“We, in our final analysis, have to survive on our own. Seek congeniality in those who are living; for company, turn to the dead.” These sheer simple words yet utterly profound, naive as a universal truth yet a conundrum like a complex code, kept reverberating in his ears. What did his brother mean by them? Yes, he thought, it’s true, it has always been this way, one has to survive on his own, and one always does. But what possible company could a dead on the face of earth provide? Damn, why did Bhai has to make everything so mystical, so difficult to comprehend?
It was then when something, as soothing as a mother’s tender hand on her child’s face and something as intimidating as a father’s yell on the day of the exam, woke him up from his sleep. But it was neither for he no longer had any of them to do so to him.
“Oh! and all the luxuries the death takes away along with the loved ones.”
Sitting akimbo on the same ‘khaat’ – the ropes of which were tightened a few months back by relentless efforts of both the brothers – and gulping down a few drops of water, his thoughts digressed away and he began ruminating about life and its unpredictability, love and its duty, sorrow and its truth, and of all the good times he had when all were still there – Maa, Papa, and Bhai. And of the time when all in his life but this silly flaccid khaat was fine. And now, the khaat is stiff and the life slacked. But just like a child – perplexed by the beauty and mysticism of different toys placed before him, unable to cling on to one, keeps vacillating between the various toys, trying the best to settle for one and failing miserably to convince himself as to which one, he kept turning from one thought to other. It was then when his brother’s words started haunting him again.
The words were uttered nonchalantly and without having the occasion call for it, and as Bhai always spoke – without being sermonizing and condescending – a real rarity these days, and with a smile that had set almost everything straight for the younger one in the past. It must be somewhere around the first Diwali after their parent’s…. Both the brothers were bereft by their parents’ unexpected(pardon me for the selection of this particular word, for there is no suitable word in English that could come any closer to express this feeling) demise. To lose one parent is a misery, to lose both is to lose the desire to express how it even feels. Both the brothers seldom talked about how it all happened and more importantly why it happened to them. It was once when despite all the courage, the younger one, turning lachrymose began sobbing when the elder brother saw him and came with his usual soothing smile, and uttered those words.
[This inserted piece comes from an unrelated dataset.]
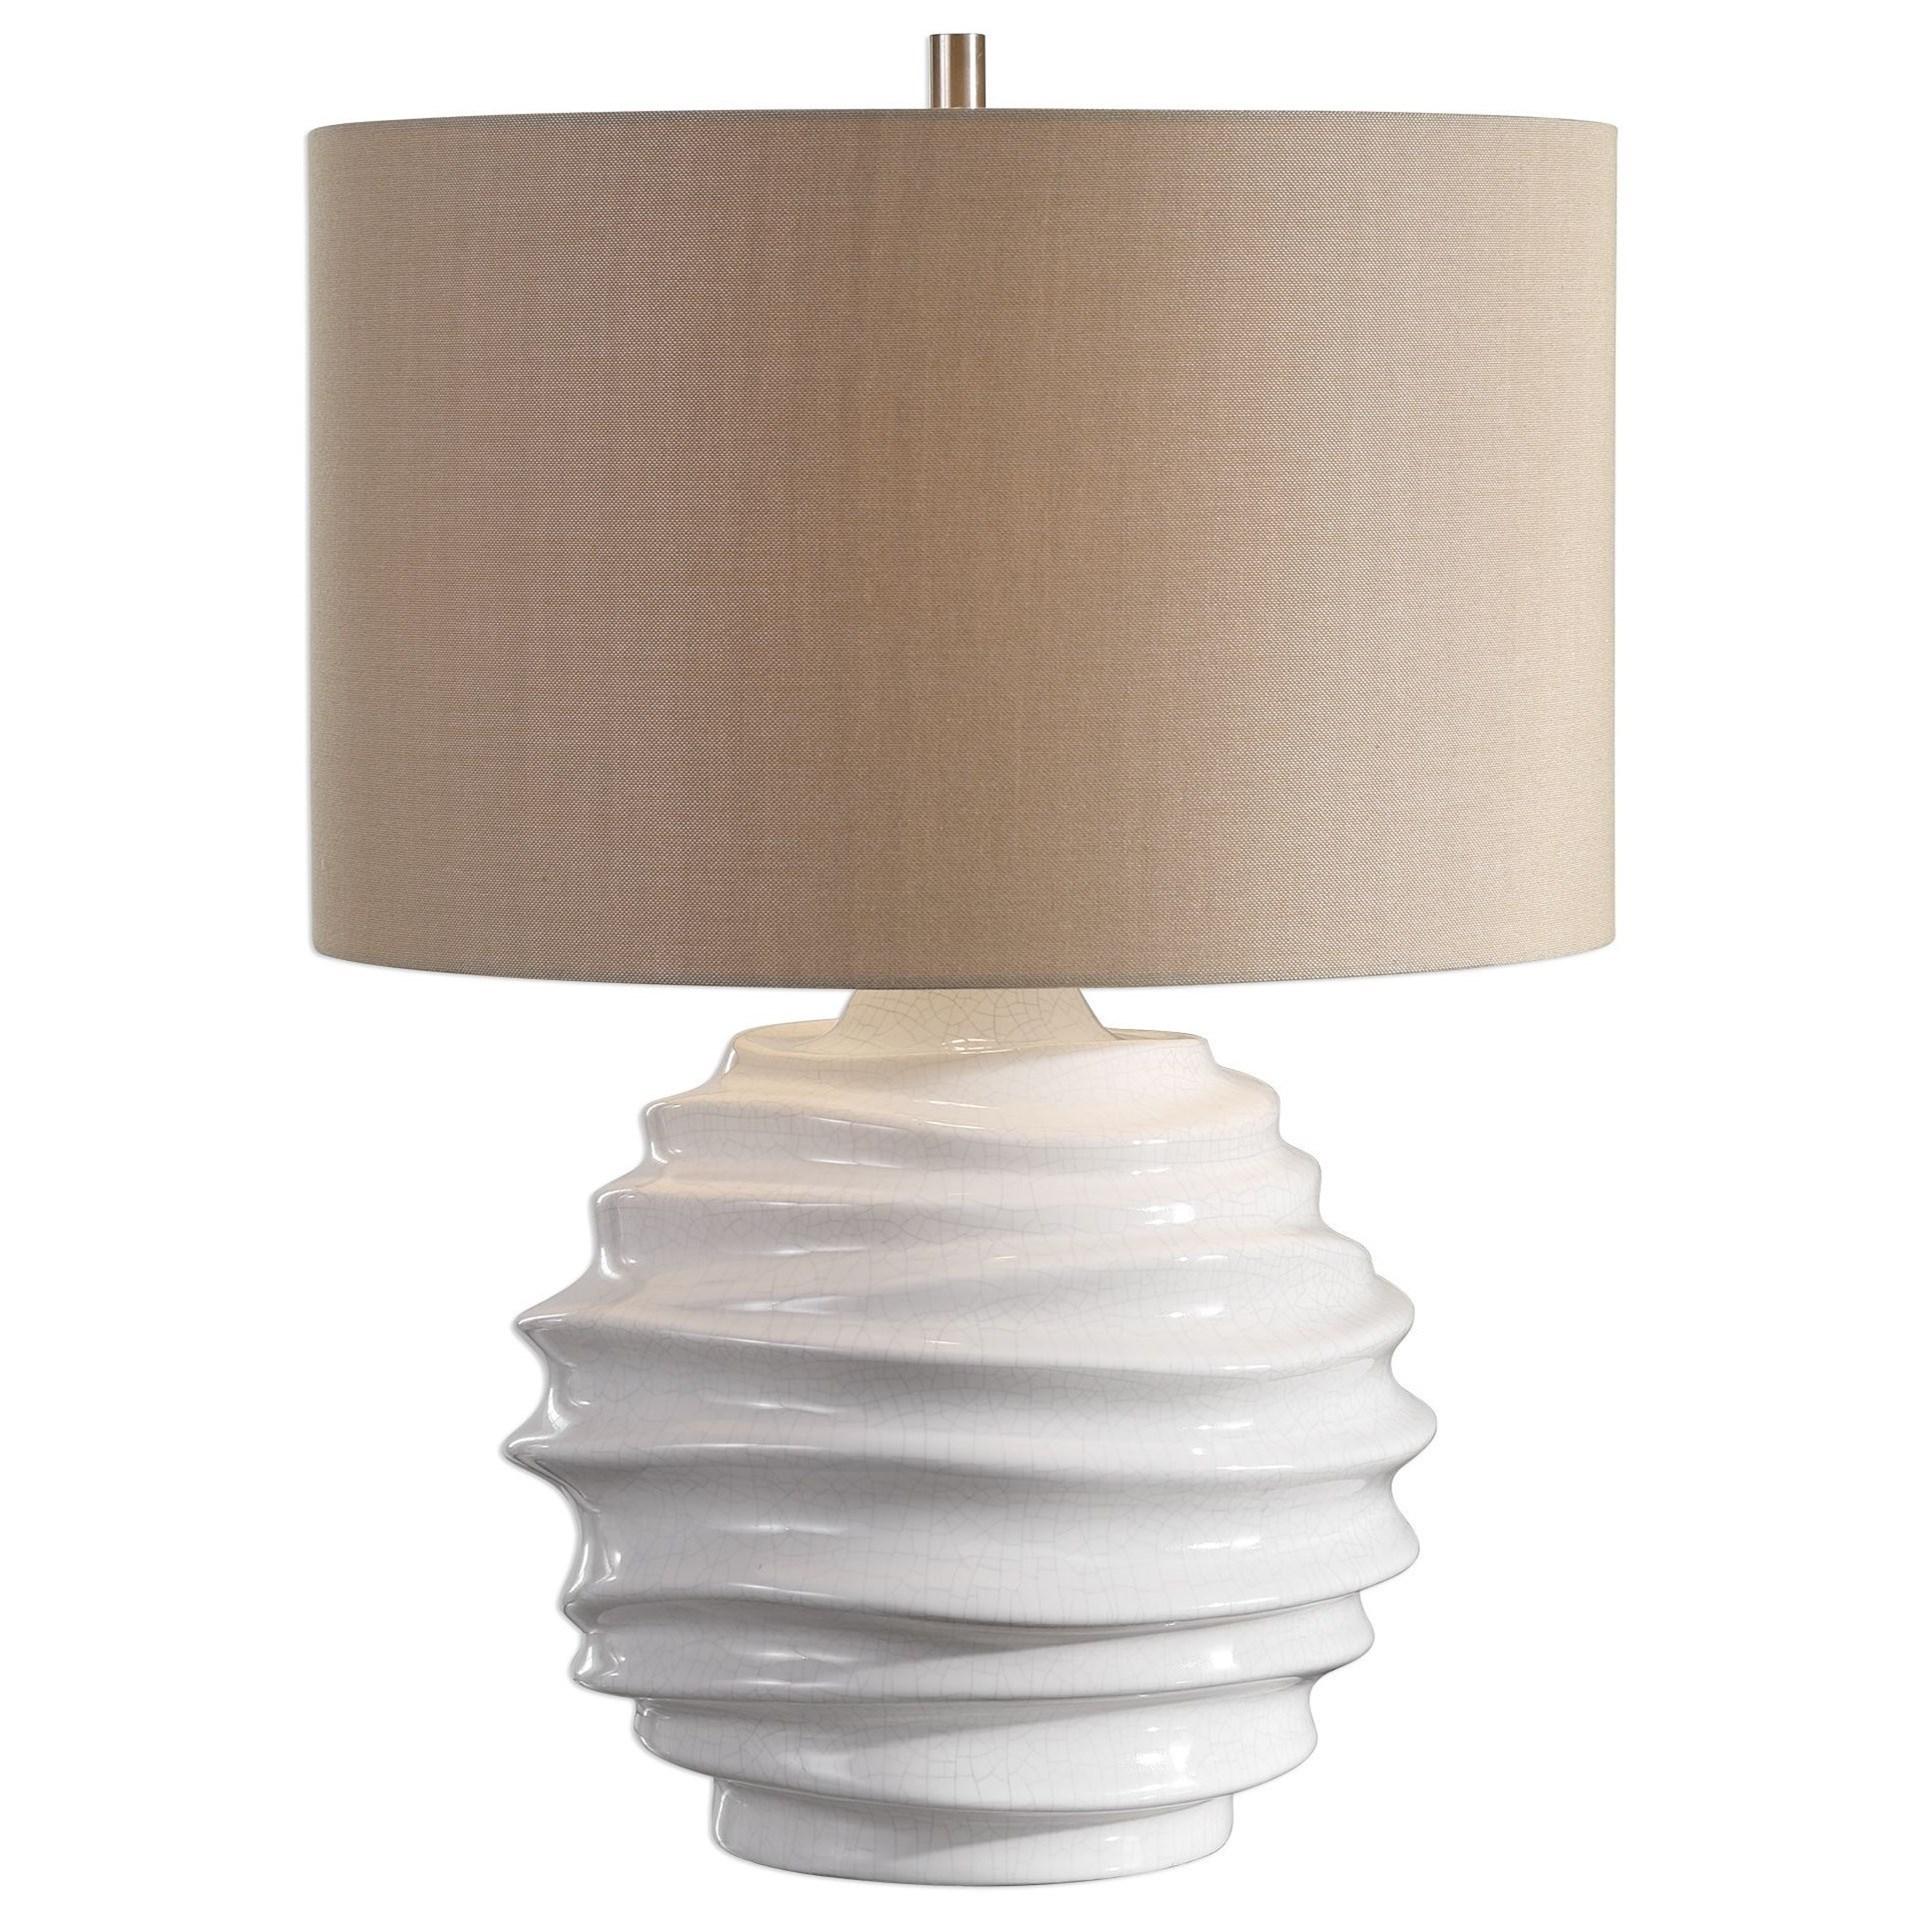 Gisasa Crackled White Lamp

And now with his Bhai in a foreign land, and thereby left with no congeniality at hand, he turned on the lights of his father’s room and having cleaned the dust that had settled over the course of time he dusted his father’s bookshelf, and picked one of his father’s favorite book and began reading. He was taken aback by the uncanny resemblance he bore to his father. His father’s obsession with the bookmarks, and with the hardbound books. His father’s adjustable chair was just midway the ascend providing a certain level of inclination to one’s hands while writing, exactly the way he himself prefers his office chair to be. His father’s awkward smile in the family photographs suggested to him the same degree of distress that he feels when being pictured. And how now, as he now noticed, that his father, just like he prefers to do, almost always stood to the right of the person being photographed along. He didn’t cry now, he couldn’t have. Amazed at this mysterious resemblance, and consoled by the book once touched and devoured by his own father he couldn’t help but smile, a smile as genuine as a mother’s on her child’s misdeed and as naive as a child’s when he accidentally drops the food his mother prepared for him.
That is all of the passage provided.